Top of LISTED ENTRIES
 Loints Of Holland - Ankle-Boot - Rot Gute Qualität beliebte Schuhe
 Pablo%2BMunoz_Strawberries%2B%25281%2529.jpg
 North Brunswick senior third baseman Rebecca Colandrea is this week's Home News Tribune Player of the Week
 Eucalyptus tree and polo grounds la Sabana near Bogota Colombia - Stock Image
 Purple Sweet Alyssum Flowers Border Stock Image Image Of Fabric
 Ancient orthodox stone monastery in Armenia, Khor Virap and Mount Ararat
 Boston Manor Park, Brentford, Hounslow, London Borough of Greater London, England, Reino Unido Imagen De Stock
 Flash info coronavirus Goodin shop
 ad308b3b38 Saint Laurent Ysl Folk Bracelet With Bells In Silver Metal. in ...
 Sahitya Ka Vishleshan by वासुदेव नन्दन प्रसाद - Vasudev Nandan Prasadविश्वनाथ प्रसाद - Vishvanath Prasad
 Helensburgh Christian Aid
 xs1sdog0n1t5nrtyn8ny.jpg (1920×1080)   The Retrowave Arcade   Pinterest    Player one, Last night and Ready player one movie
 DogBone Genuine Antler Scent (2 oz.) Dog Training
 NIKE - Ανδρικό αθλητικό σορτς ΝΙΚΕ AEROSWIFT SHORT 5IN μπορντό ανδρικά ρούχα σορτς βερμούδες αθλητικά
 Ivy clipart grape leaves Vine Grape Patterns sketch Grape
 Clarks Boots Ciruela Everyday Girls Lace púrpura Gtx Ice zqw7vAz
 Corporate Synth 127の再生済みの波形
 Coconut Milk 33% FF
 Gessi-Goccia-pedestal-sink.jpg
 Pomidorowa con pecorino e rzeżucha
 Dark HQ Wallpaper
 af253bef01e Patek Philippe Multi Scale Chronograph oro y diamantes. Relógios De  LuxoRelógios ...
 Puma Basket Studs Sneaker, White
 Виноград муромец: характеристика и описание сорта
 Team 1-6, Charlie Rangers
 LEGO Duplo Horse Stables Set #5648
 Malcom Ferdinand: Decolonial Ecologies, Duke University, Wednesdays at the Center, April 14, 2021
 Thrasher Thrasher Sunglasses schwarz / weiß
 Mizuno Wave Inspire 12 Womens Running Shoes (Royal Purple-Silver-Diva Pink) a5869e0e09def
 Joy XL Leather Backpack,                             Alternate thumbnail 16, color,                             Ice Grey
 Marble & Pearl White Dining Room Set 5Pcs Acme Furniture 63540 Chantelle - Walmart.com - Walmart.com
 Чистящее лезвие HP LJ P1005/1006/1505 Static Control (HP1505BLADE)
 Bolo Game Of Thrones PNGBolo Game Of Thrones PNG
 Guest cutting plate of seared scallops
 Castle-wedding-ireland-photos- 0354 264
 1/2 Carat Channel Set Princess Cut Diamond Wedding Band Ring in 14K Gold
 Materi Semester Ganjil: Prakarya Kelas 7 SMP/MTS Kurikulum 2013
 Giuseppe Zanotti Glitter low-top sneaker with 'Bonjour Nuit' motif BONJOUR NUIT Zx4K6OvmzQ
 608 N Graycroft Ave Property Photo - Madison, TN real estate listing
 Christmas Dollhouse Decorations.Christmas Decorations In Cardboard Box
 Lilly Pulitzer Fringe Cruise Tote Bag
Bottom of LISTED ENTRIES
TASK TO COMPLETE:
Would you copy, unchanged, the stretch of the records above that begins at the line containing "af253bef01e Patek Philippe" and ends at the line containing "Marble & Pearl", and only that?

EXERCISE OUTPUT:
 af253bef01e Patek Philippe Multi Scale Chronograph oro y diamantes. Relógios De  LuxoRelógios ...
 Puma Basket Studs Sneaker, White
 Виноград муромец: характеристика и описание сорта
 Team 1-6, Charlie Rangers
 LEGO Duplo Horse Stables Set #5648
 Malcom Ferdinand: Decolonial Ecologies, Duke University, Wednesdays at the Center, April 14, 2021
 Thrasher Thrasher Sunglasses schwarz / weiß
 Mizuno Wave Inspire 12 Womens Running Shoes (Royal Purple-Silver-Diva Pink) a5869e0e09def
 Joy XL Leather Backpack,                             Alternate thumbnail 16, color,                             Ice Grey
 Marble & Pearl White Dining Room Set 5Pcs Acme Furniture 63540 Chantelle - Walmart.com - Walmart.com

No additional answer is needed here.